When Betsey’s grandmother turns up she tells Holly of a tale from Japanese folklore about the futakuchi-onna, a horrific figure, a woman who has a monstrous mouth hidden at the back of her head. She says she was reminded of the tale because of Betsey’s new eating disorder. The grief from the death of Betsey’s father takes on the form of the futakuchi-onna, his spirit lingering tragically with her as she loses the will to eat and his memory sucks the life out of her. It’s as if Betsey’s father remains attached to her soul; not a literal monster, some ugly mouth at the back of Betsey’s head, as Holly hallucinates in a nightmare one evening, but a figurative monster that haunts Betsey. In a way, the futakuchi-onna in A Banquet is the depression Betsey’s father’s death brings on, particularly considering the way she loses her appetite and becomes obsessed with “the end,” like a suicidal promise disguised as apocalyptic thinking. Either way, Betsey’s gripped by anxiety and death to the point it threatens to obliterate the rest of the life remaining after her father killed himself.

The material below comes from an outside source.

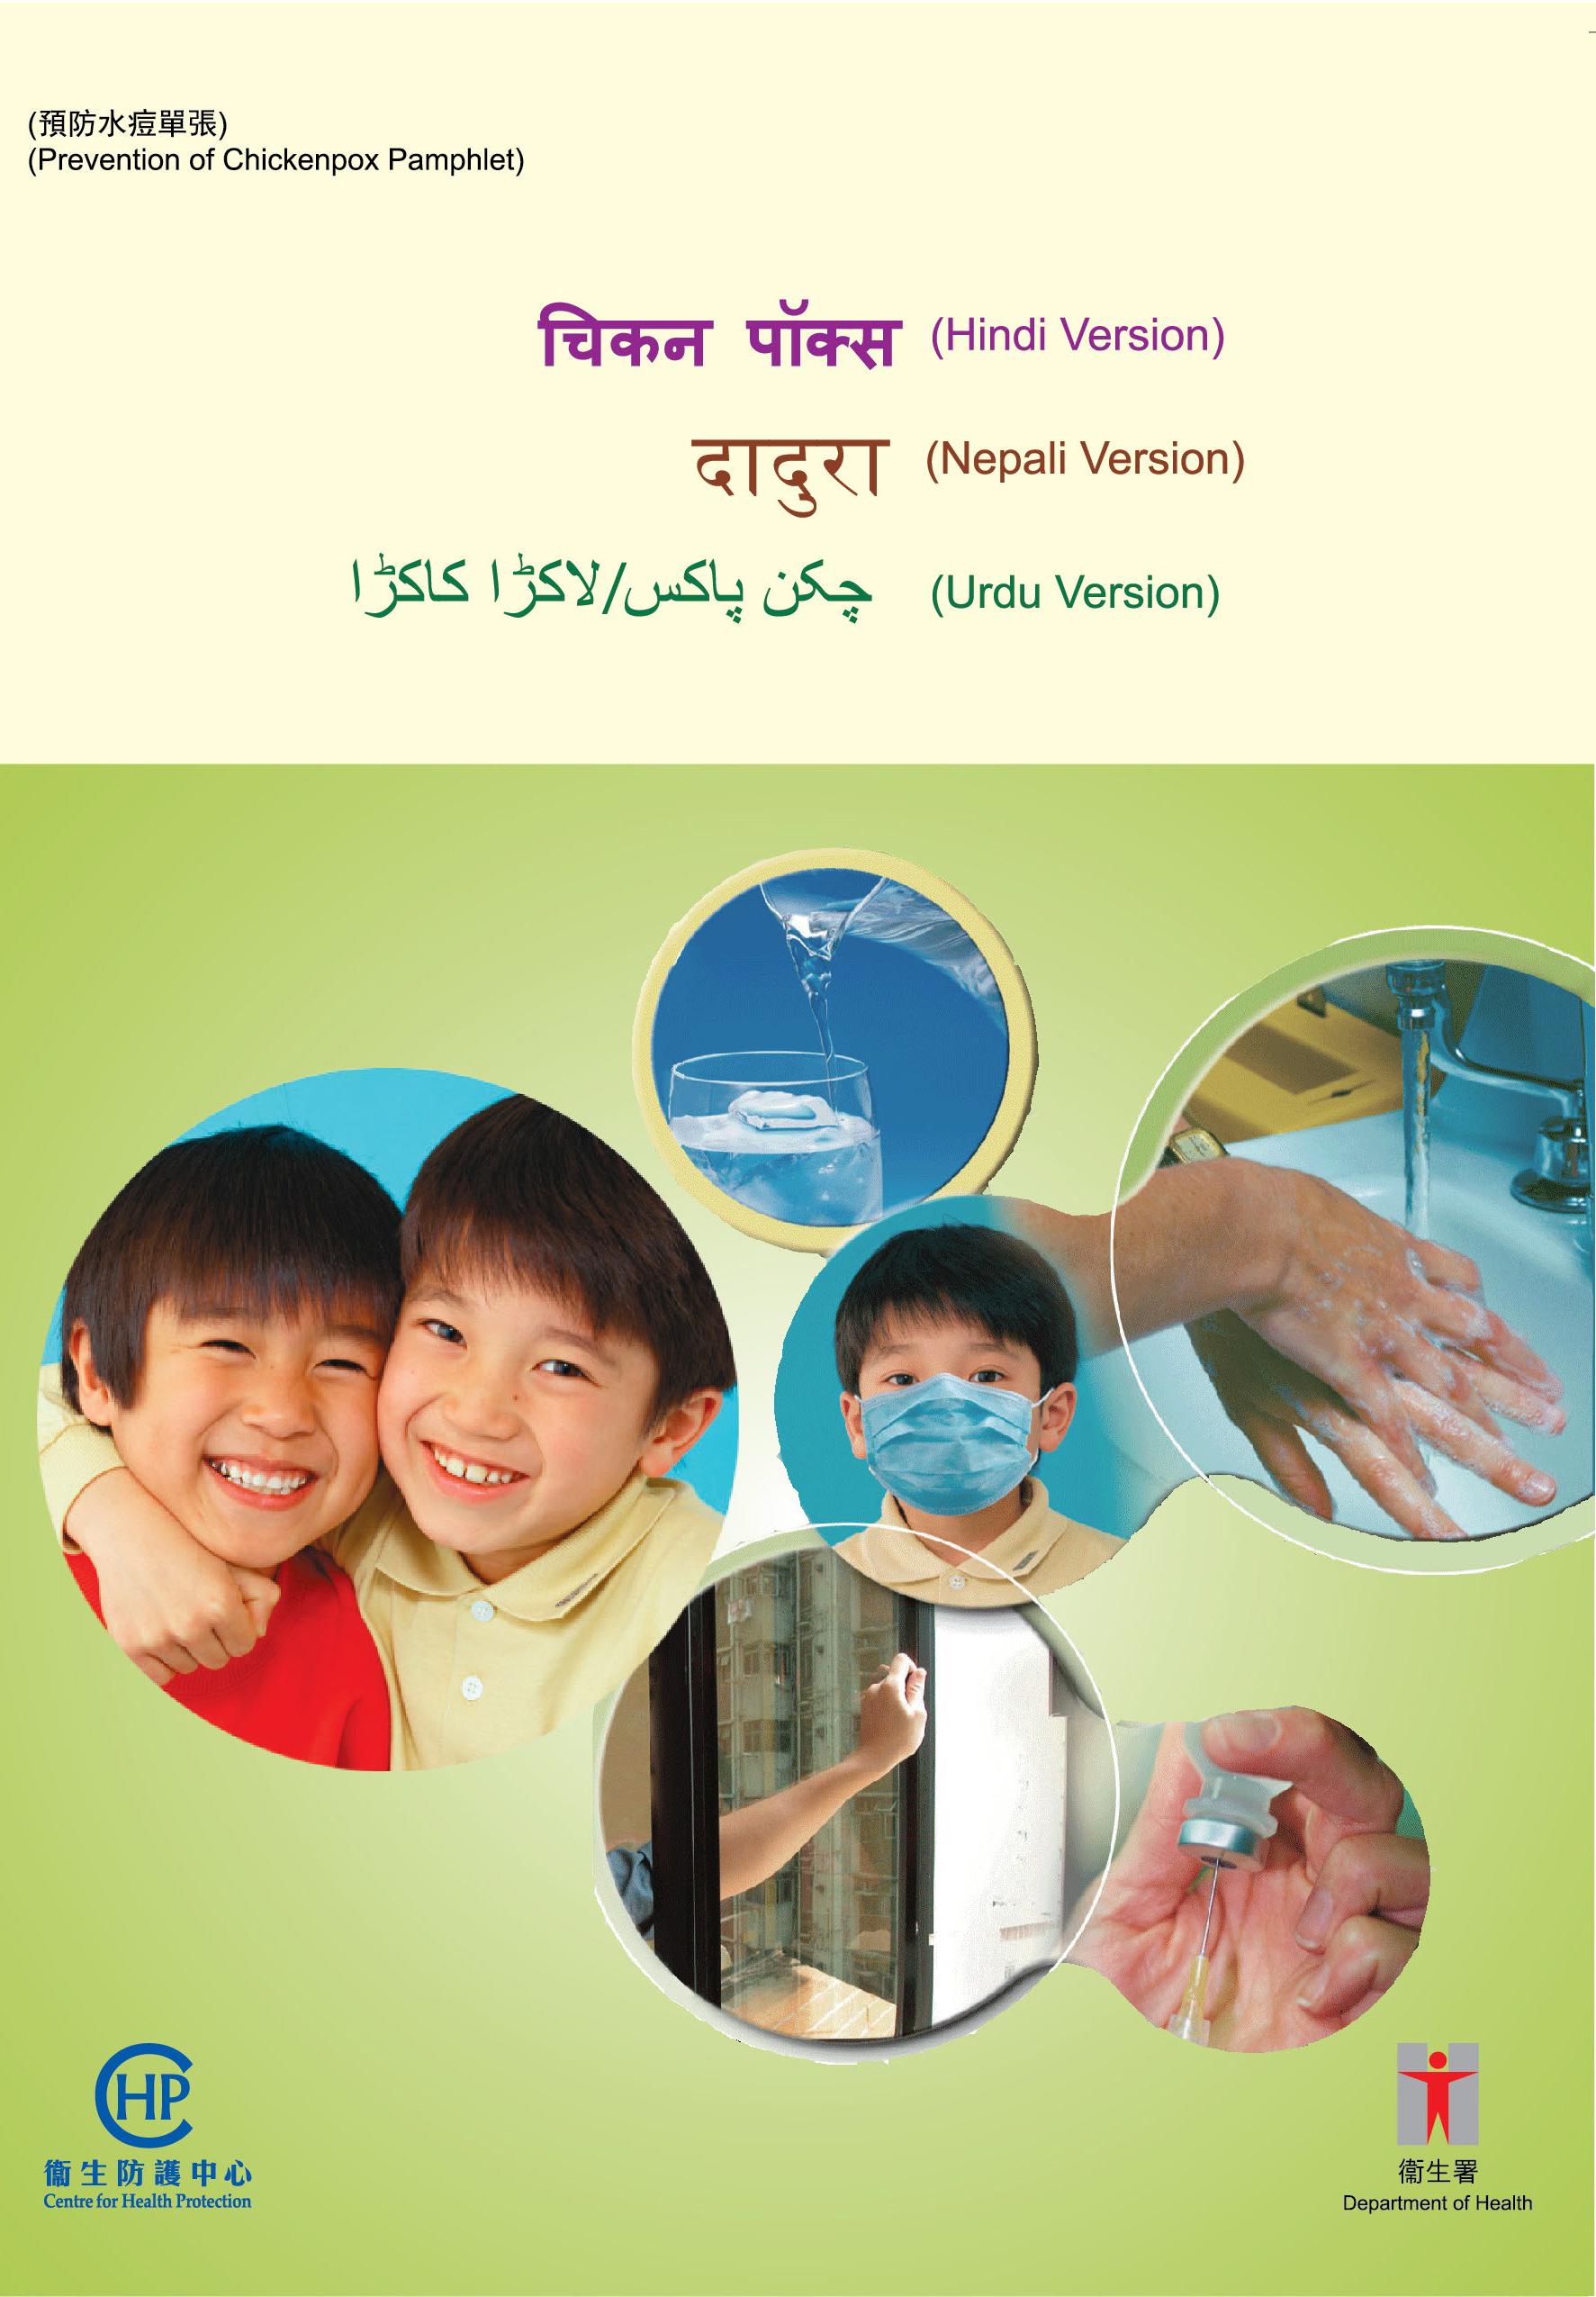 Centre for Health Protection - Chickenpox - Nepali Version
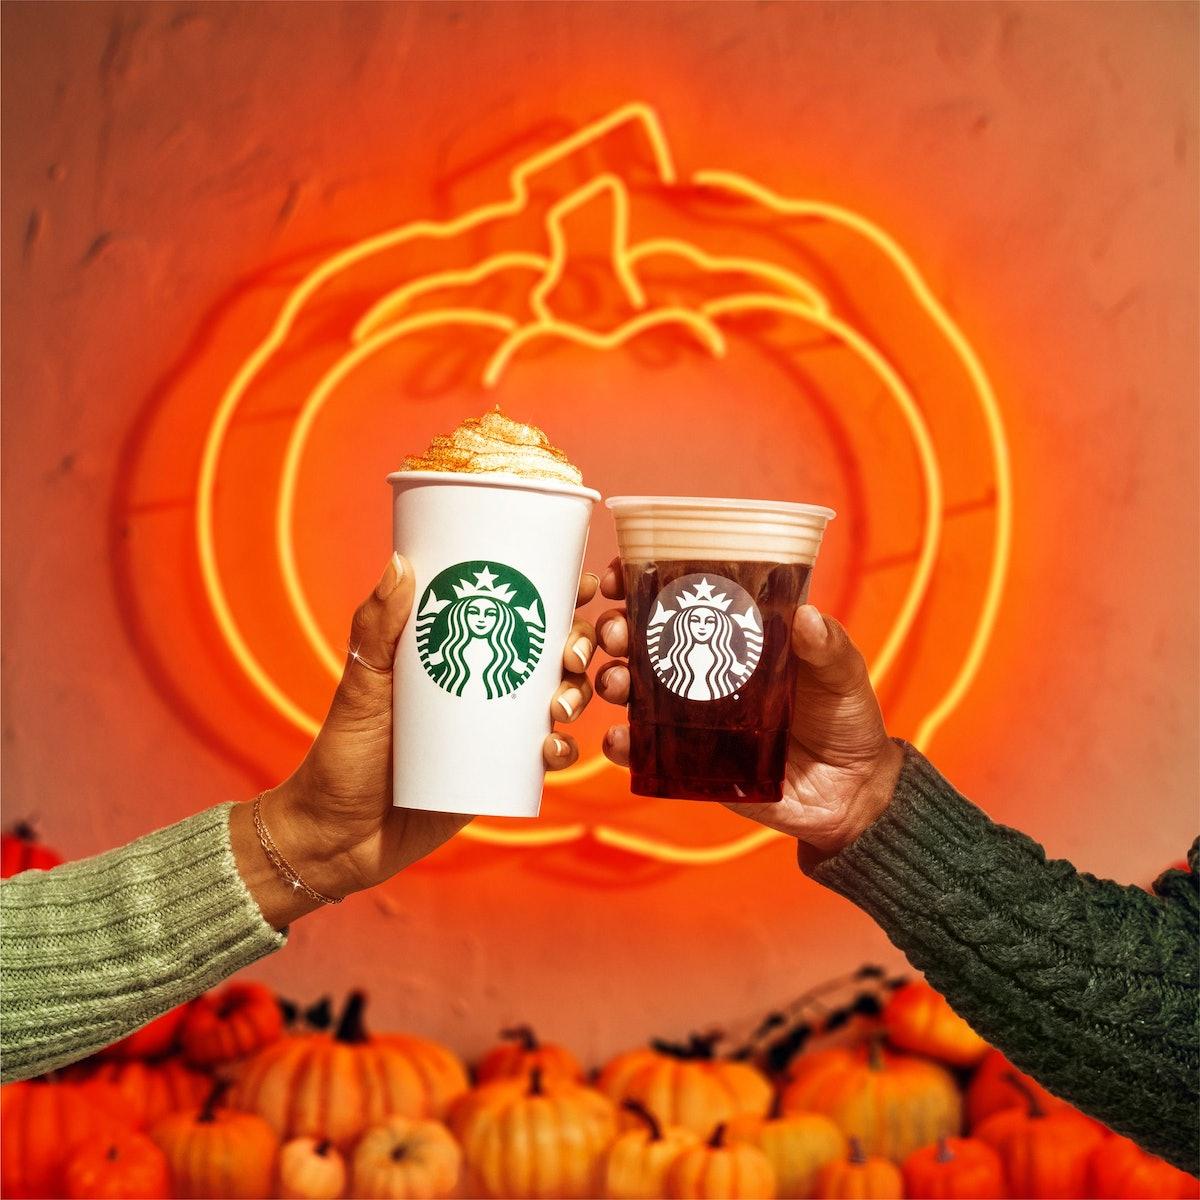 Starbucks' Pumpkin Spice Latte is coming back on Aug. 24, 2021.

Father Son Holy Gore - A Banquet - Mother & Daughter One Last Time TogetherHolly’s clear inability to deal with her own mental health struggles lead to a dangerous combination of her illness and that of her daughter’s, their shared grip on reality slipping. On top of that, she’s already watched her husband waste away and turn to suicide because no medicine or treatments were able to fix him. Her distrust in modern medicine/psychiatry feeds into Betsey’s delusions. Plus, she’s desperate to validate her own experiences as a young mentally ill person who was put through the mental healthcare system and chewed up like meat, so it makes her more willing to believe in Betsey, and also makes her more susceptible to being manipulated (such as when we discover Betsey’s been messing with the scales, suggesting she’s been losing weight the whole time in reality). All of these things lead to the death of Betsey. Holly’s mother was almost right when she told Holly: “I believe Betseys possessed this family.” The family’s figurative possession is partly grief in the wake of death, partly Betsey’s delusions, and partly Holly’s past experiences with healthcare, both mental and physical.

Although A Banquet leans hard into ambiguity and challenges the viewer to decide whether Betsey’s visions were actually real, its focus on Greek mythology connected to pomegranates, Christian scripture related to the blood moon, and Japanese folklore about the futakuchi-onna make clear that the film’s apocalypse is meant as an allegory. At the end, Holly sees the approach of apocalypse, but it’s her own mental collapse. Just as the blood moon was Betsey’s personal end of the world, so is the finale of the film the end of Holly’s world after her husband’s suicide, and now the death of her daughter which she inadvertently facilitated. A Banquet is a feast of allegorical agony about the dark corners of our psyche, how the worst parts of life—depression, grief, death—can feel like the approach of an apocalyptic event that will end our world as we know it; but only if we let it.